Many people do not have the financial means to hire attorneys who bill by the hour or require a retainer; others simply don’t know what to expect from their case and don’t want to risk losing their hard-earned money. In those instances, finding an attorney who works on a contingency fee basis may be the right decision for you.

The Kryder Law Group, LLC., works on a contingency fee basis. This means that our attorneys work on your case for free unless we win your case. If we are unable to make a recovery on your personal injury case, there are absolutely no fees. Even more, we front all costs in your case: from court filing fees to trial expenses. Our fees and costs come at the end of your case and are only taken out of the award we recover for you.

What Fees Do You Pay?

While it is clear that you will need to pay your lawyer’s fees, it is less clear what your fees actually go toward. The simple answer is your lawyer’s salary and the costs of managing a lawsuit. The salary part is straightforward, its how much your lawyer takes home at the end of the day.

However, most people don’t realize that filing a lawsuit costs money. There are legal fees for court costs, paperwork processing, and a host of other expenses that lawyers have that most people don’t know about. These fees are passed on to you so that the lawyer makes a profit.

You may be unaware that you are paying these fees depending on how your lawyer charges you. In some cases, lawyers have a clause in their contract that lists expenses as different costs, especially if it can change significantly throughout a trial and it is a lot of money. Here are some fees that you can expect to pay for a personal injury attorney. Please note that all lawyers do not bill clients every type of fee, especially if they aren’t able to win the case.

Retainer Fees

Retainer fees are the fees that you pay a lawyer to take your case. Retainer fees are paid upfront, usually as a large sum of money. In these cases, it is like a downpayment for services at a later date. Some lawyers prefer retainer fees that are paid in installments over time. These cases are more like paying a lawyer monthly to be available to help you when you need them.

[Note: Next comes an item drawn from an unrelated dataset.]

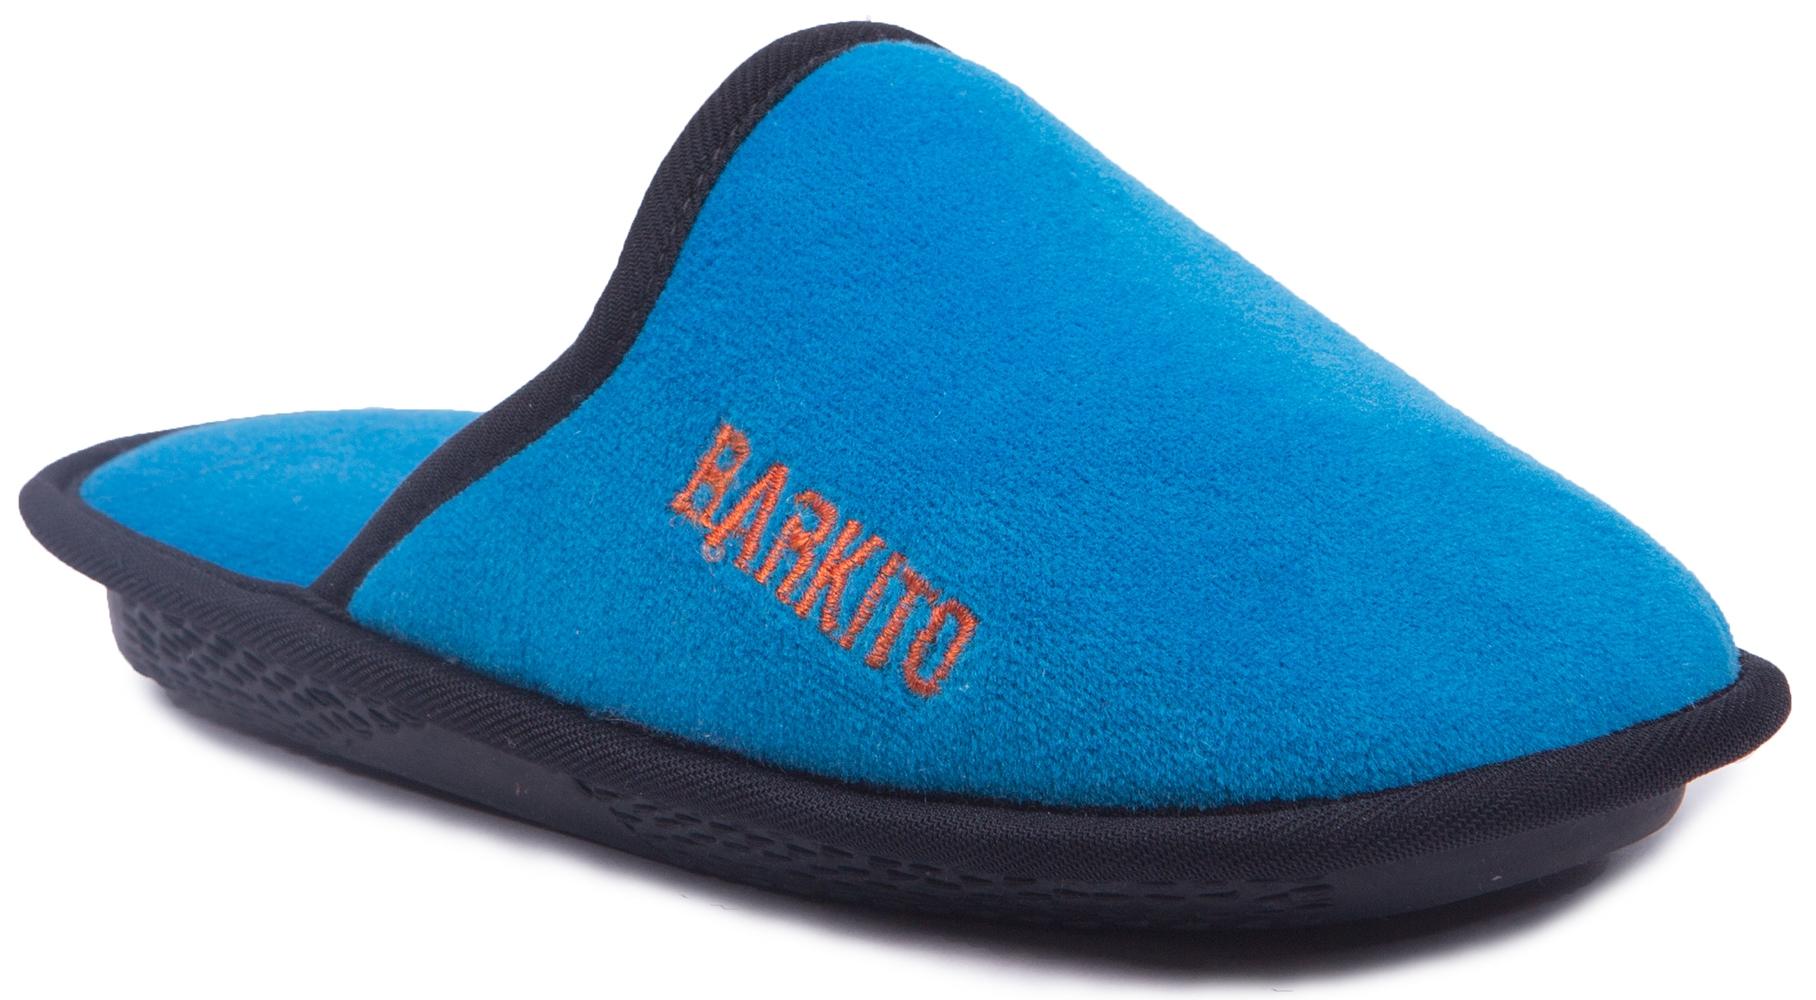 Пантолеты Barkito для мальчика пантолеты barkito frozen fz006559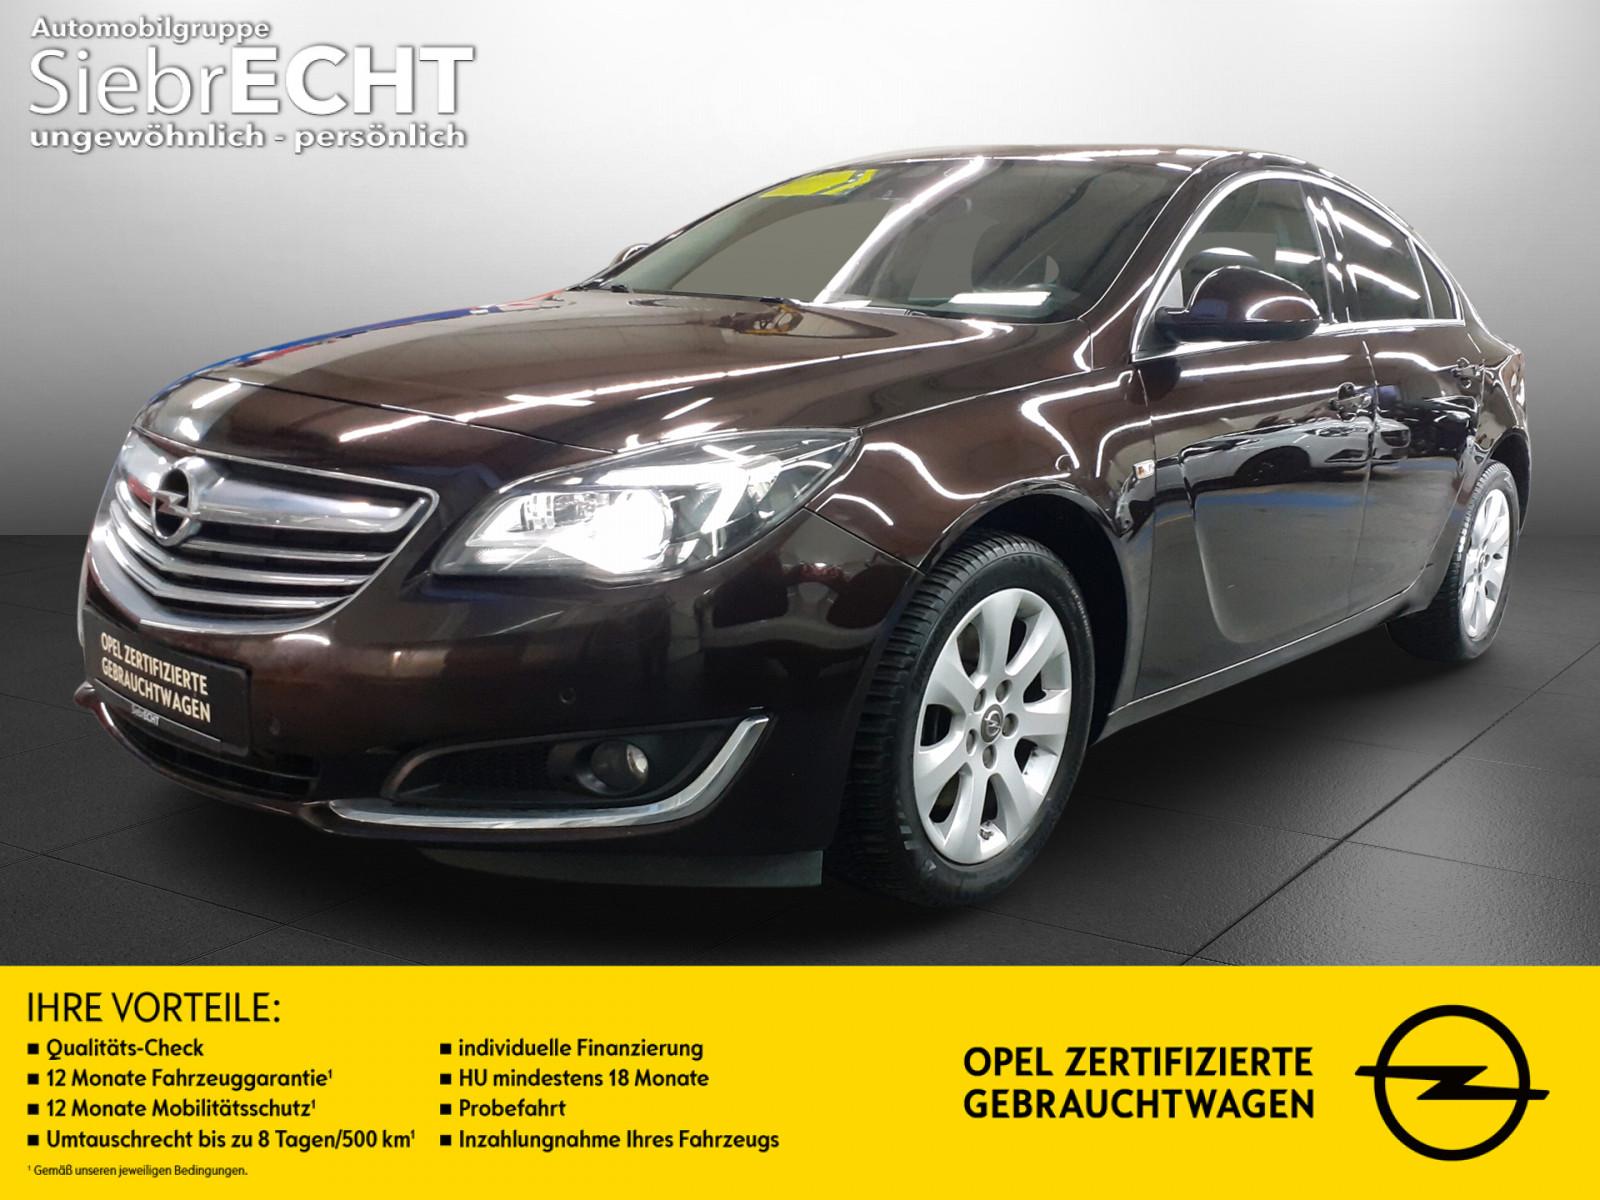 Opel Insignia A Innovation 1.6 SIDI Turbo*Navi*PDC, Jahr 2014, Benzin

Retainer fees are more common for corporations that hire outside lawyers or high-wealth individuals that need a lawyer to handle financial and legal problems from time to time. The benefit of having a lawyer on a retainer fee is that your lawyer will be available when you need him or her as opposed to the need of finding a lawyer when a problem arises. The downside is that you will need to have that money available to have your lawyer start working. You will also have other fees to pay throughout your legal problems, so retainer lawyers can be more expensive.

Hourly Billing

Lawyers that operate on an hourly billing system are more widely available and have a lower startup cost than retainer lawyers. These lawyers are paid a fee for every hour that they work, similar to how most people’s jobs work. Hourly billing is more straightforward than retainer fees. However, it also means that legal services could cost you more if your case takes a long time to resolve. If you have a fixed or limited budget, this may be difficult to handle depending on the amount of time and work needed. However, hourly billing can also be more affordable if the services that you need won’t take long to finish.

Contingency Billing

Contingency billing has the lowest barrier to getting legal services. That is because you don’t have to pay for services unless you win the case. This method is often used when cases have big payouts, and the defendant has limited funds. For example, a single person suing a major corporation would likely have a lawyer on a contingency billing basis. That individual won’t have a lot of money to fund the lawsuit, but the potential payout would be so large that the lawyer can recover the costs while the defendant still gets most of the money.

Which Version is Best?

The type of billing that you use depends on your lawyer and the type of case that you want to file. Cases that are short and don’t require a ton of resources will likely use hourly billing. Longer cases with higher stakes and larger payouts will more likely use contingency billing or another type of billing that mitigates the financial risk to the client. There are cases where an hourly billing rate could end up as a much smaller percentage of the total payout. If you have any questions about the billing options and what your lawyer can do to make the process more affordable, don’t hesitate to ask.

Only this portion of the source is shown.